Transport Minister, Trudy Harrison, suggested the Government would fully consider the recommendations and three months later the proposed changes to the Highway Code were announced.

Whilst there are currently no self-driving vehicles authorised for use in Great Britain, with technology rapidly developing it is anticipated that the first vehicles approved for self-driving could be ready for use later this year. A list will be produced by the Secretary of State for Transport of such vehicles in due course.

The Government intends to develop a legal framework for self-driving vehicles and the Department for Transport will work with industry regulators and safety organisations to ensure drivers can access information to assist them to use such vehicles safely.

A self-driving vehicle may also contain driver assist features, such as lane tracking, cruise control or automatic start-stop, however such features will not constitute self-driving. Assisted driving features can perform some of the driving however the driver must be responsible for driving at all times, which is the important distinction from self-driving vehicles.

A self-driving vehicle’s ability to drive itself may be limited to certain situations or parts of a journey. Various factors may impact upon this such as type of road, time of day, weather, location and speed. The driver will need to follow the manufacturer’s instructions regarding how and when to use the self-driving function safely. It is anticipated that the introduction of this technology is likely to begin with vehicles travelling at slow speeds on motorways, such as in congested traffic.
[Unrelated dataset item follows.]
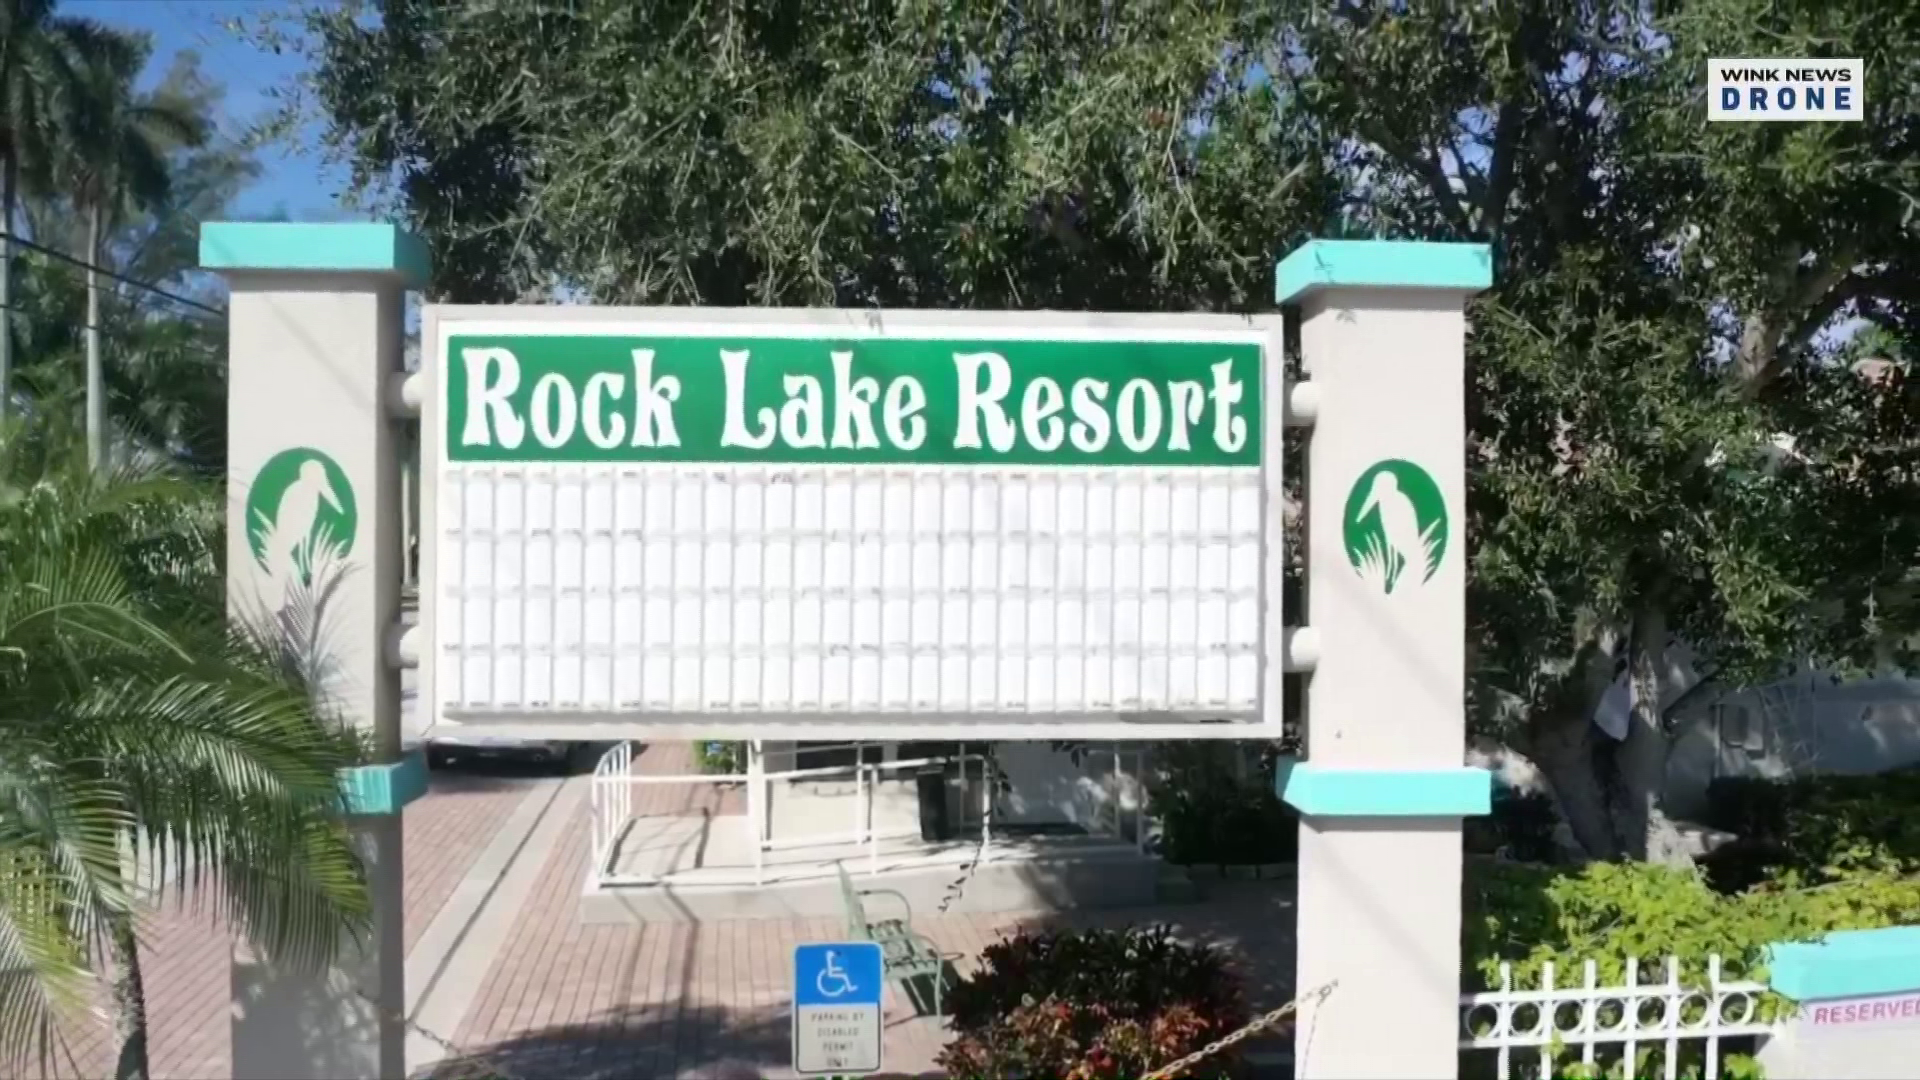 Rock Lake Resort

When a vehicle is self-driving, the driver will not be responsible for how the vehicle drives and will be free to turn their attention away from the road and view content on built in “infotainment apparatus”, if available. However the driver must be fit to drive which includes remaining awake, in the driver’s seat, not under the influence of alcohol/drugs and not using a mobile phone or similar hand-held device. If a self-driving vehicle needs to hand back control to the driver, it will give them sufficient warning to do so safely. The driver must always be ready to assume control when prompted to do so.
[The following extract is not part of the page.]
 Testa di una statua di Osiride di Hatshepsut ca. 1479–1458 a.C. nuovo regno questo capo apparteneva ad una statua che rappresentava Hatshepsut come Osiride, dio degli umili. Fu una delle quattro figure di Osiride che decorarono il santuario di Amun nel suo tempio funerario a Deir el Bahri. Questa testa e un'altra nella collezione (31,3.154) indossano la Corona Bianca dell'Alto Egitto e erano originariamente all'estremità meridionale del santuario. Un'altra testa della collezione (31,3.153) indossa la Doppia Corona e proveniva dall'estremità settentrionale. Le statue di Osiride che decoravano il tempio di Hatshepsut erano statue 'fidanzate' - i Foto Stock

It is suggested that the development of such vehicles could create 38,000 highly skilled jobs within Britain’s industry that could be worth £41.7 billion by 2035 and Transport Minister, Trudy Harrison, said “This is a major milestone in our safe introduction of self-driving vehicles, which will revolutionise the way we travel, making our future journeys greener, safer and more reliable”.

It is anticipated that these proposed changes to the Highway Code will come before Parliament this summer and could come into force shortly afterwards depending upon whether any objections are raised. It remains to be seen when the first self-driving vehicles are ready for use however it is clear that this will be a developing area in the future and will significantly impact upon liability issues arising from road traffic collisions.